Laboratorios del sabor y guardianes de la tradición
Los conventos han sido verdaderos laboratorios gastronómicos de la historia de España. Desde la Edad Media, las órdenes religiosas —especialmente franciscanos, benedictinos y carmelitas— desarrollaron una cocina austera pero refinada, ajustada al calendario litúrgico y profundamente enraizada en las tradiciones judías, musulmanas y cristianas, junto con el aprovechamiento y la sencillez. Dentro de sus muros se perfeccionaron platos que aún hoy son pilares de la cocina tradicional.
Durante la Cuaresma, cuando el consumo de carne estaba prohibido, los conventos debían encontrar formas de nutrir a la comunidad con alimentos permitidos. Fue en este contexto que recetas como el potaje de vigilia alcanzaron su forma definitiva. La cocina conventual aportó al plato una estructura meticulosa: remojo largo del garbanzo, desalado cuidadoso del bacalao, sofrito con cebolla, ajo y pimentón, cocción pausada y el añadido final de espinacas o acelgas para equilibrar la densidad del guiso.
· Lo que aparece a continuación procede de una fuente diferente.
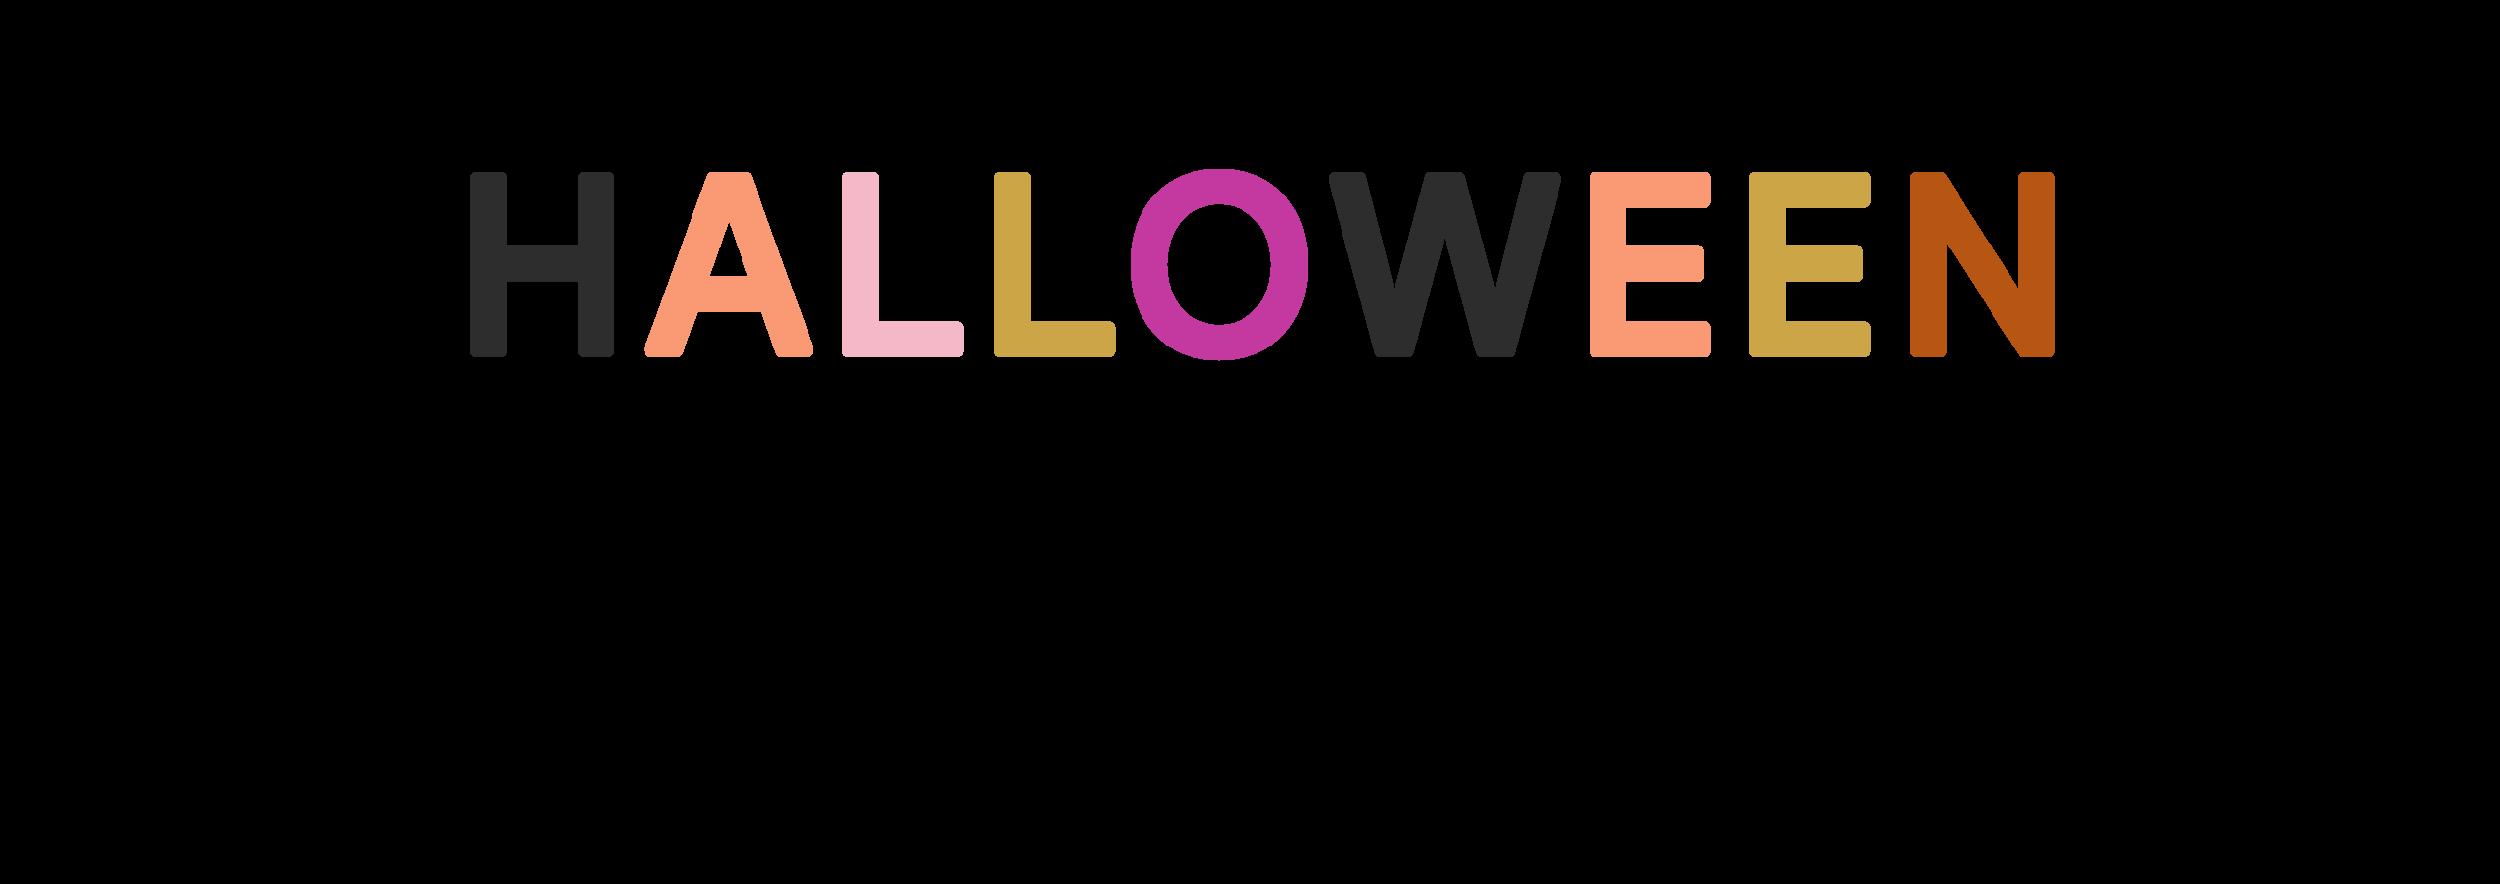 costumes halloween.png

Más allá de su función alimentaria, la cocina de los conventos tenía una dimensión espiritual. Cocinar era también orar, y cada receta se transmitía con la precisión de un ritual. Muchas de estas recetas eran recogidas en recetarios manuscritos, celosamente guardados por las religiosas y monjes, que con el tiempo llegaron a la sociedad civil.
La hospitalidad monástica también contribuyó a difundir estas preparaciones. Los conventos ofrecían comida a los pobres, peregrinos y visitantes, especialmente durante las grandes fiestas religiosas, lo que convirtió platos como el potaje en parte del imaginario popular. En muchos casos, las monjas vendían guisos y dulces para mantener económicamente sus comunidades, convirtiendo la cocina en una forma de sustento y vínculo con el exterior.
El potaje de vigilia, entonces, no solo es una receta devocional, sino también un símbolo de la sabiduría culinaria monástica que ha nutrido a generaciones de españoles. En él se mezclan la fe, el ingenio y el tiempo, en una alquimia que aún hoy, cada Semana Santa, revive en los hogares y refectorios de toda España.